● **MATERIAL PROVIDED**:

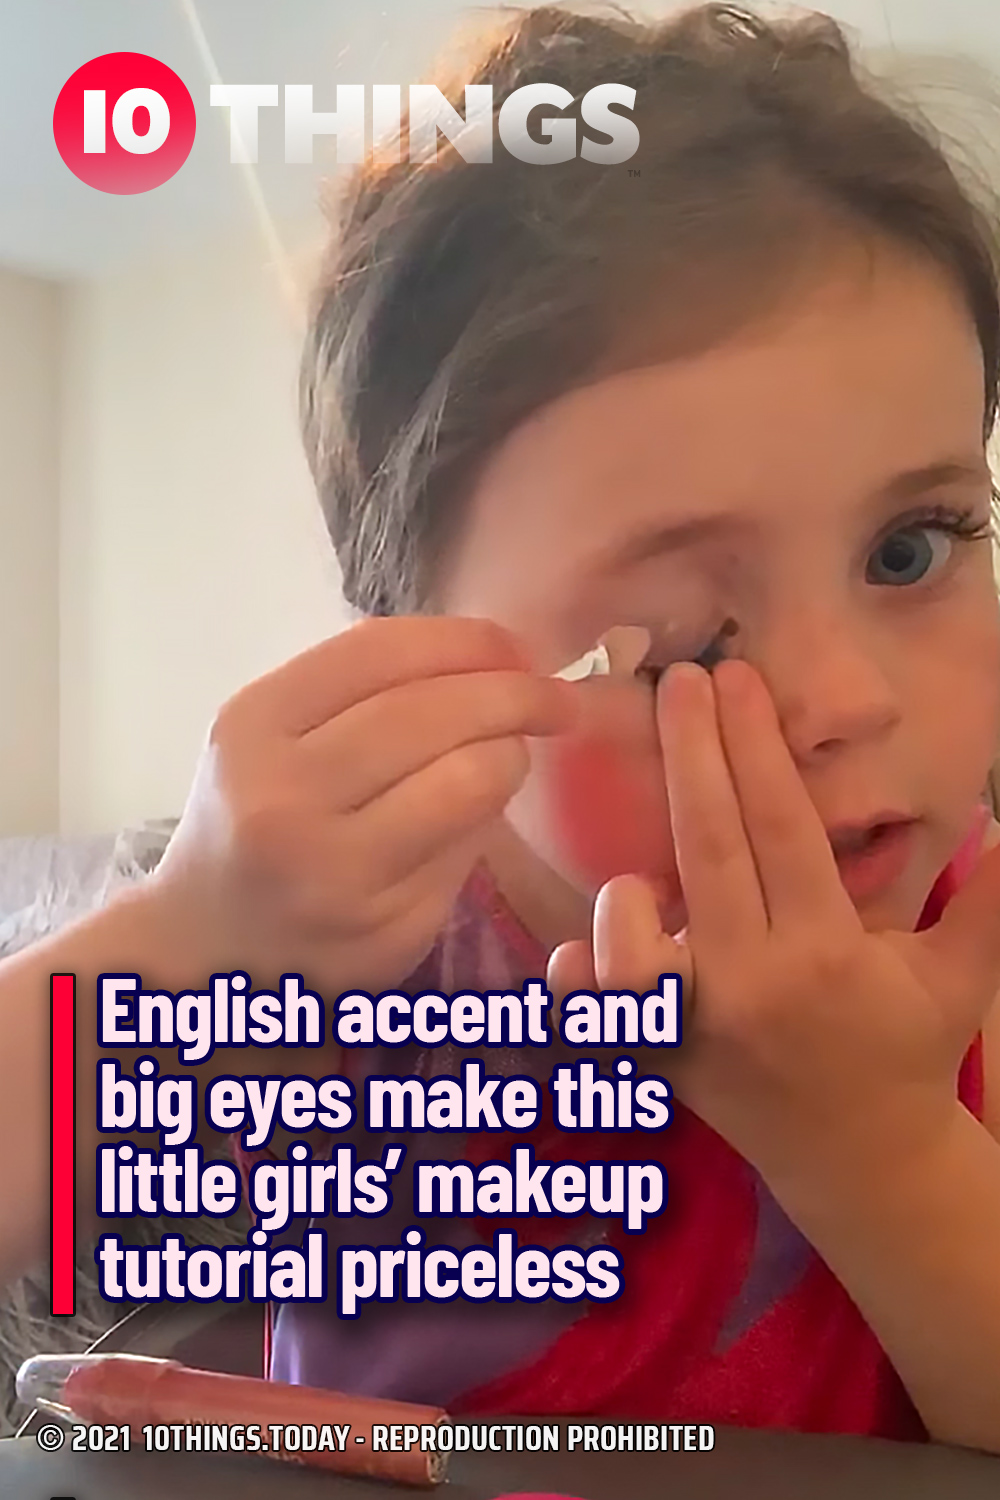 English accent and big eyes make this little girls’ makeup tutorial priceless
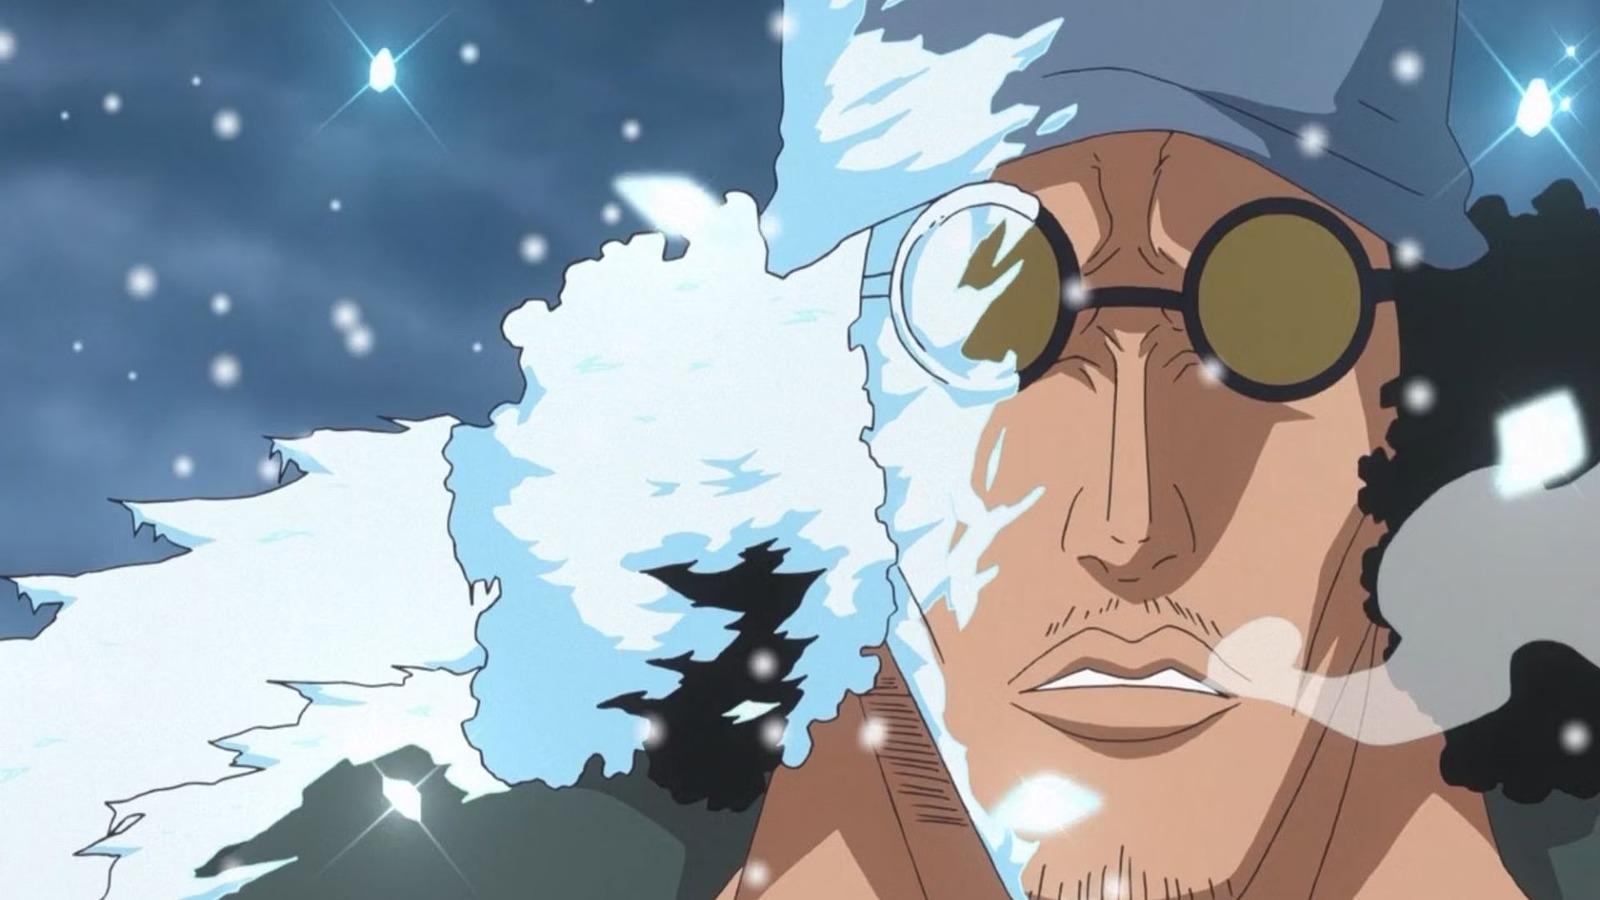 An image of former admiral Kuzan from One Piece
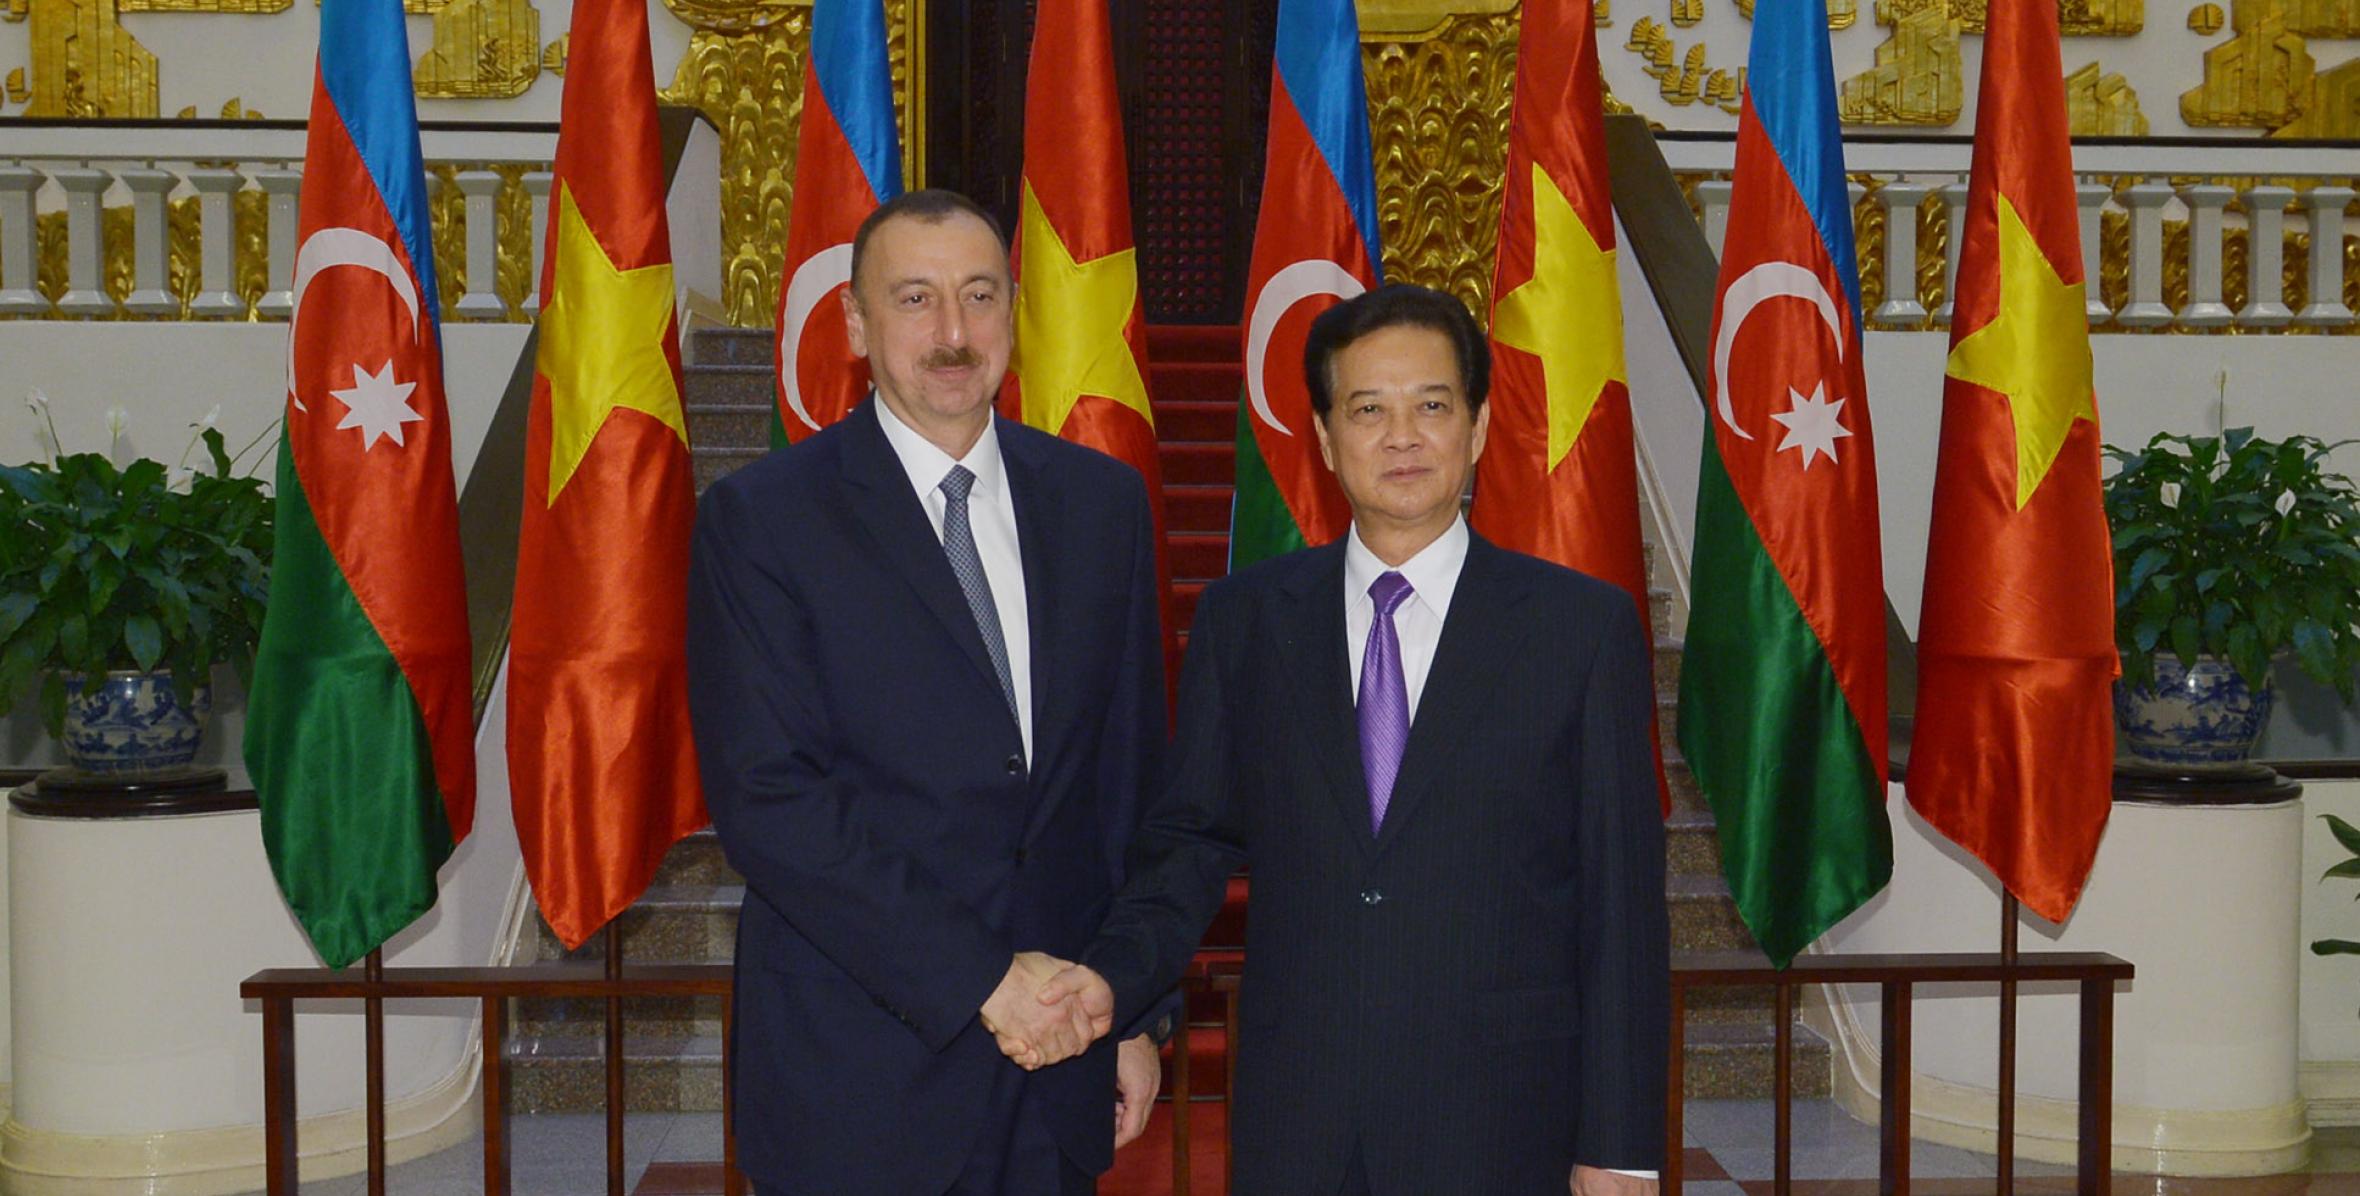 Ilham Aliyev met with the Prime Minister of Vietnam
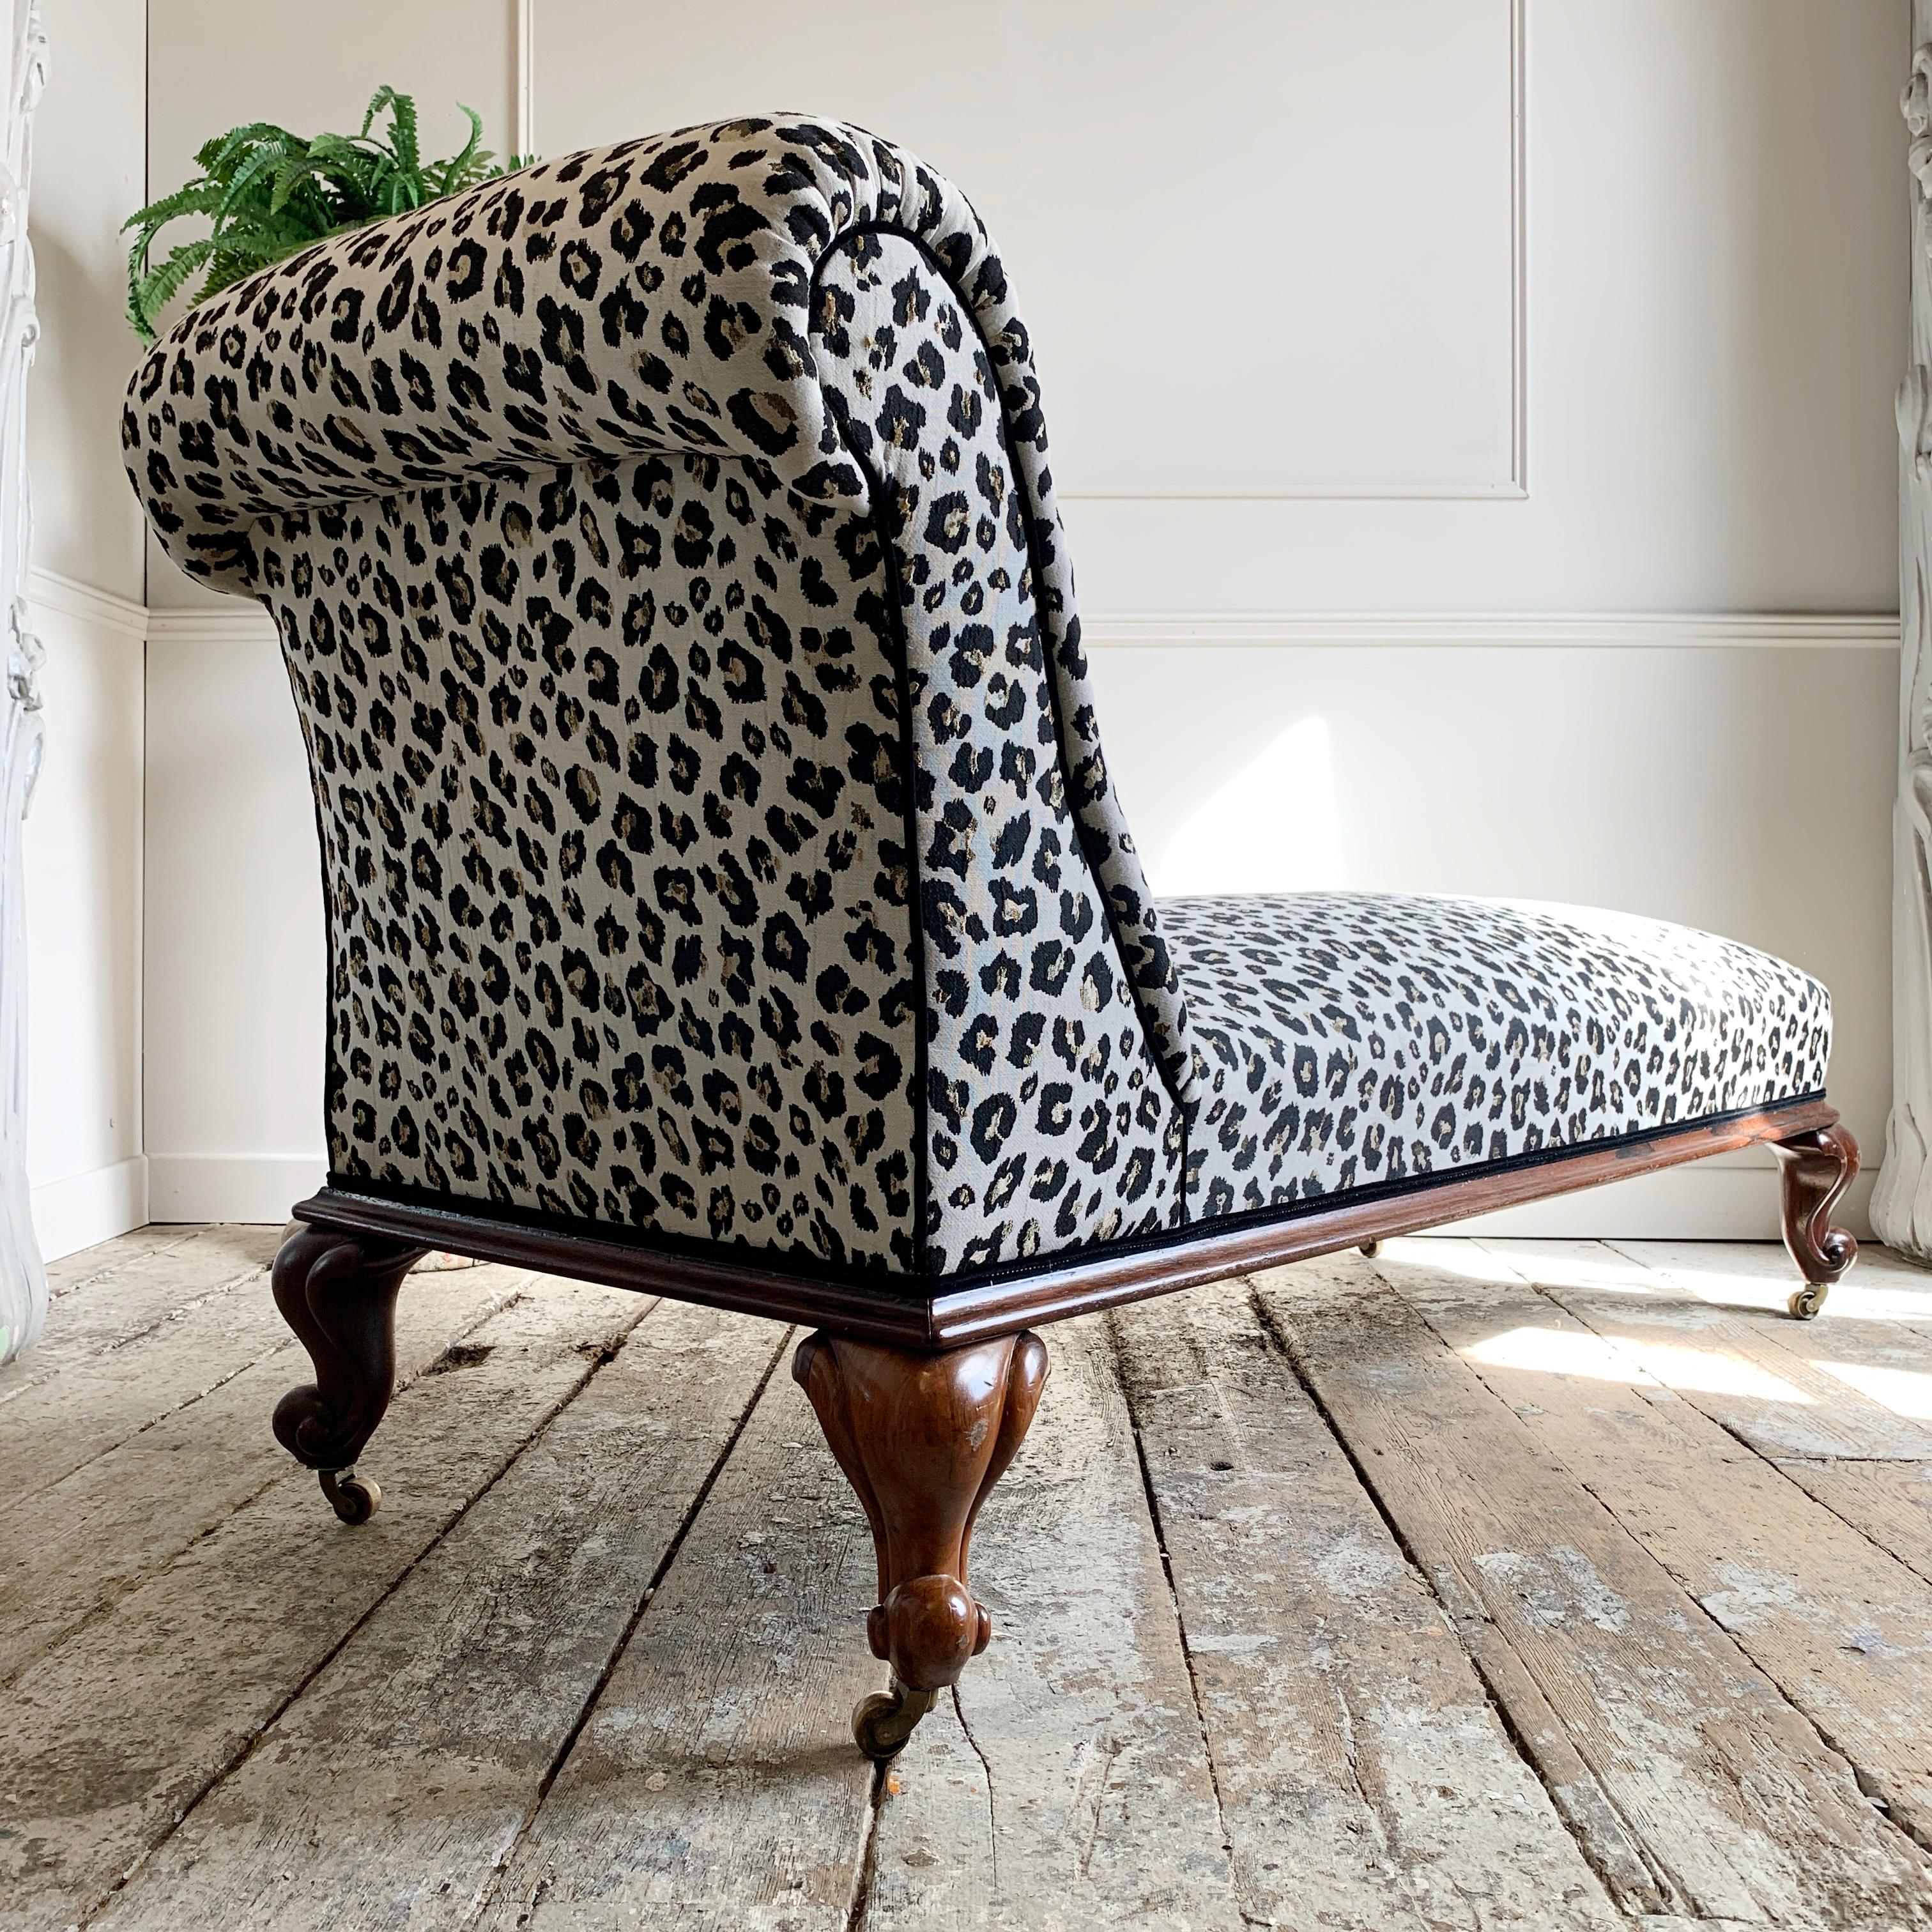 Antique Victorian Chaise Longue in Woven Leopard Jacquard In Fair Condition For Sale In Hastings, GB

● **TO DO**: Exactly reproduce the lines beginning at the one that contains "An image of" and ending at the final line of the material, with the pictures left out.

● **WORKED SOLUTION**:
 An image of former admiral Kuzan from One Piece
 Ilham Aliyev met with the Prime Minister of Vietnam
 Antique Victorian Chaise Longue in Woven Leopard Jacquard In Fair Condition For Sale In Hastings, GB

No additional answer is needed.